The Explainer: Competitiveness as a nation

That was a scene from “Bridge On the River Kwai.” The Japanese commandant’s speech may have been to the British prisoners of war, but any worker, anywhere, some time or another has had a boss make a similar speech. We all want to work, and we all hope we don’t end up working for someone like Colonel Saito.


But how equipped are we to find work? That is, how competitive are we, as a nation? There are those actively looking into this, and that’s what we’re explaining tonight.


I. Weighed and found wanting


THERE’S an amusing website called, Indexed and this is one of the recent images from it.

How many of us haven’t felt this way? They say there’s lots of jobs –but where are the jobs we’d like?

Or could it it be, as National Artist F. Sionil Jose argues in his book, “Why We Are Poor,” that we inherited from Spain, a distaste for manual labor. And so, he says, that’s why you see so many poor Filipinos drinking and idling, but not looking for work. Because the work they’d get is manual labor, and as a people we look down on honest toil.

Recently, representatives of some of the largest Philippine businesses issued a statement, expressing concern over a looming crisis. Emerging employment opportunities such as the market for call center workers in the Philippines, and nursing opportunities abroad, has resulted in a noticeable shift in the Filipino work force. The products of well-known colleges and universities, for example, who entered the corporate work force upon graduation, aren’t joining the corporate world in the numbers they used to. They can earn twice as much –or more- simply manning call centers. Filipino doctors are training as nurses, and nursing schools are bursting at the seams.

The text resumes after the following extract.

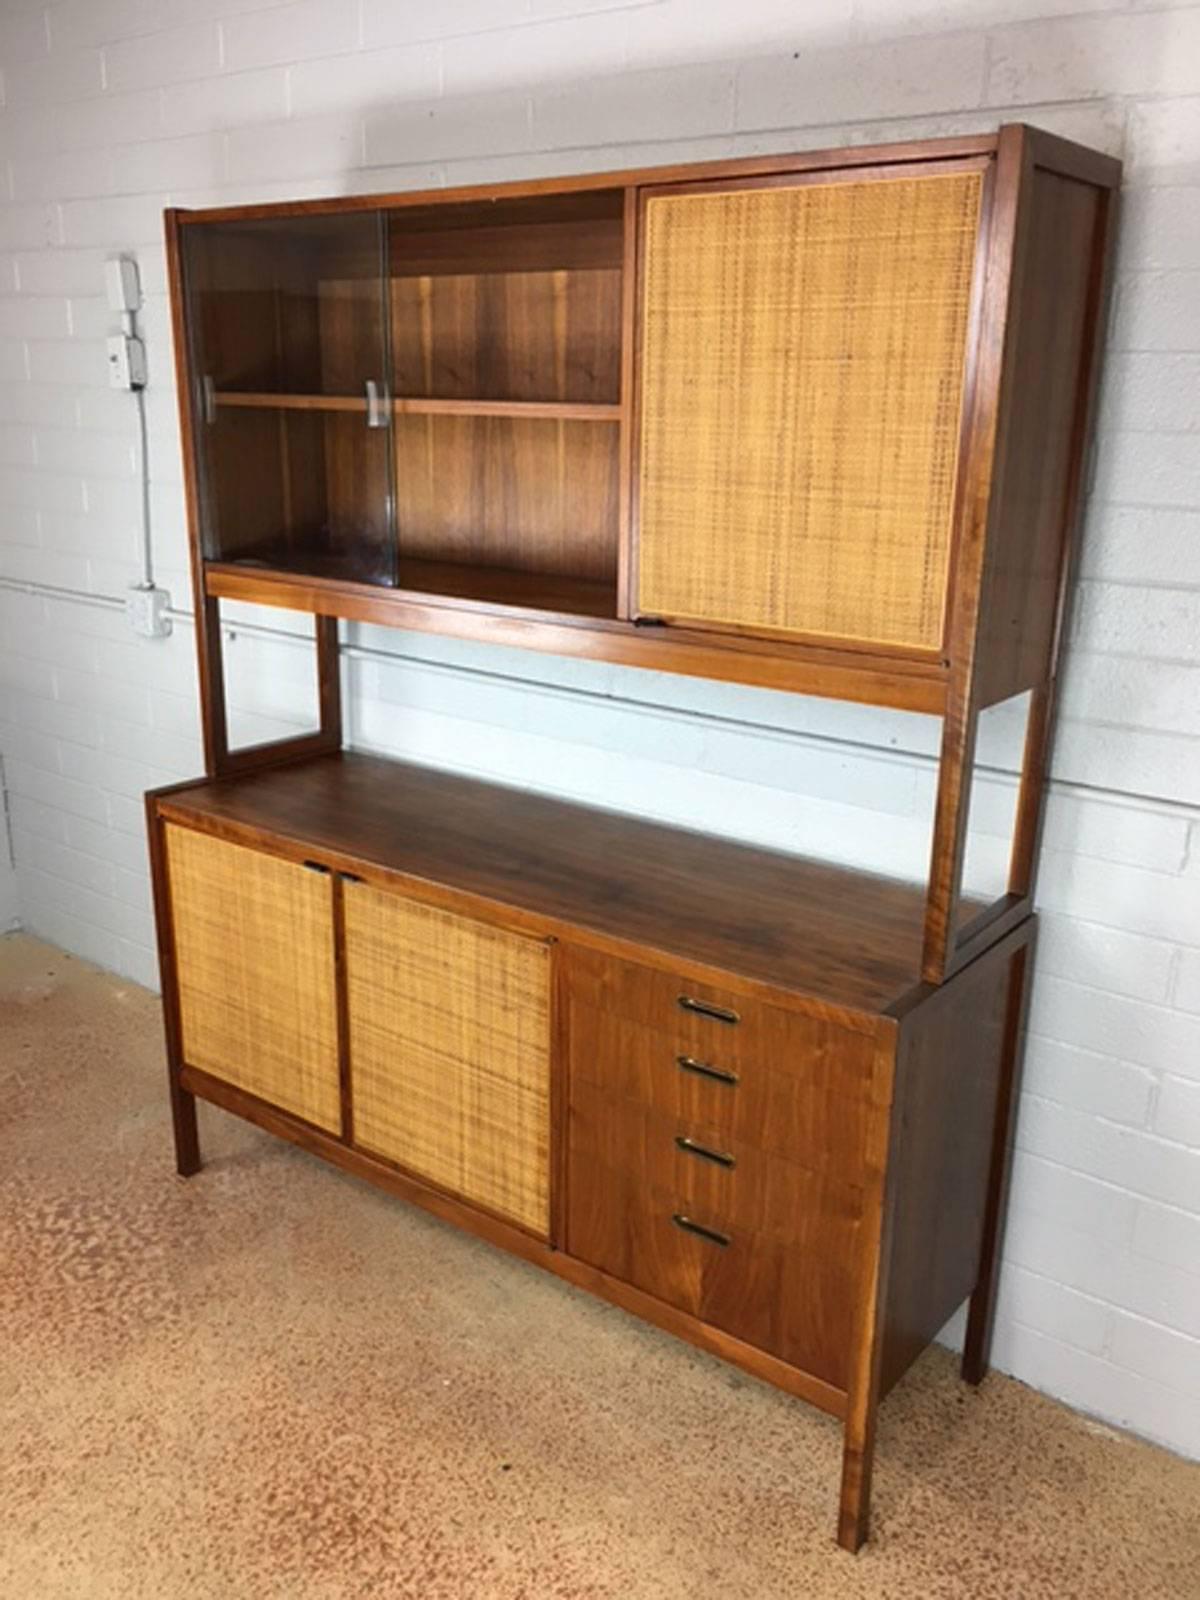 Rare Florence Knoll credenza with upper hutch half. Credenza may be used with or without upper portion. This piece was properly cared for throughout its long life.
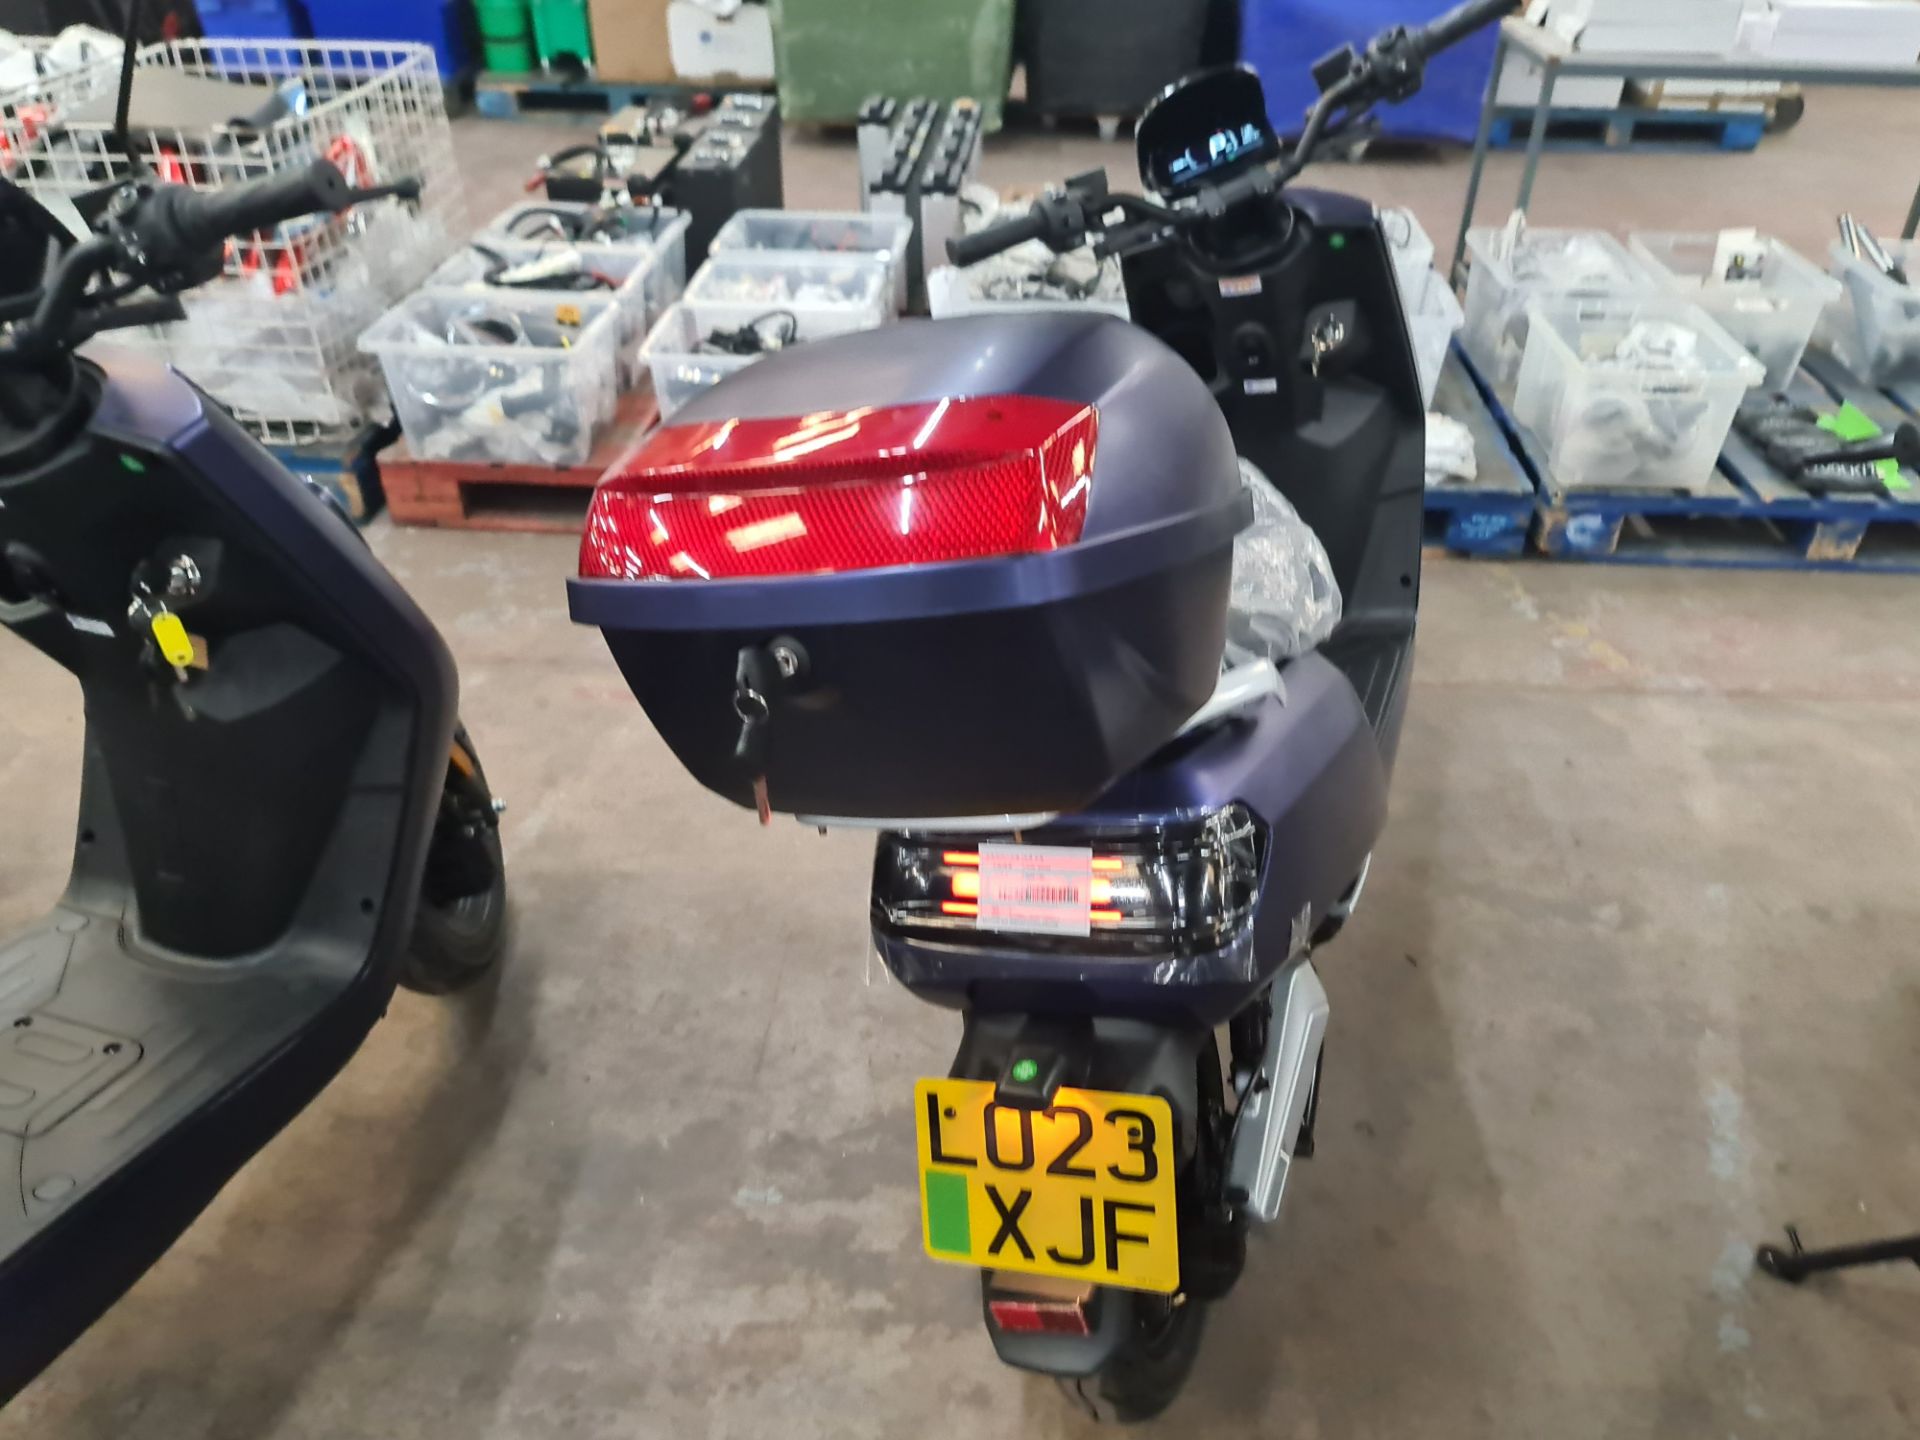 LO23 XJF Senda 3000 dual battery electric moped, colour: blue, 50cc equivalent, 30mph top speed, 90 - Image 11 of 22

And yet, even if many of us want to work abroad –why is it, that up to now, you will find people from overseas who have come here to start new lives and find work? Our idea of competition is to escape the local rat race, and go overseas –why do they want to come here?

And so,  sooner or later, this question comes up: whether you stay or go, are you equipped to fight? Individually and collectively, we end up asking, are Filipinos and the Philippines competitive?

Over a millennia ago, wise sayings were compiled in what we know as the Analects of Confucius.

One such story is this one.

Fan Ch’ih asked to be taught the art of husbandry –that is, taking care of animals. Confucius said: Any farmer can teach you that better than I can. He then asked to be taught gardening. Confucius replied: Any gardener will teach you that better than I can. Fan Ch’ih left them, upon which Confucius observed: What a small-minded man is Fan Hsü! If the ruler is addicted to modesty and self-control, his people will not permit themselves to be irreverent. If the ruler loves justice and duty, his people will not venture to be unruly. If the ruler loves sincerity and good faith, the people will not be slow to respond. Such being his qualities, the people will flock to him from all quarters, with their babies strapped to their backs. What need for him to know the art of husbandry?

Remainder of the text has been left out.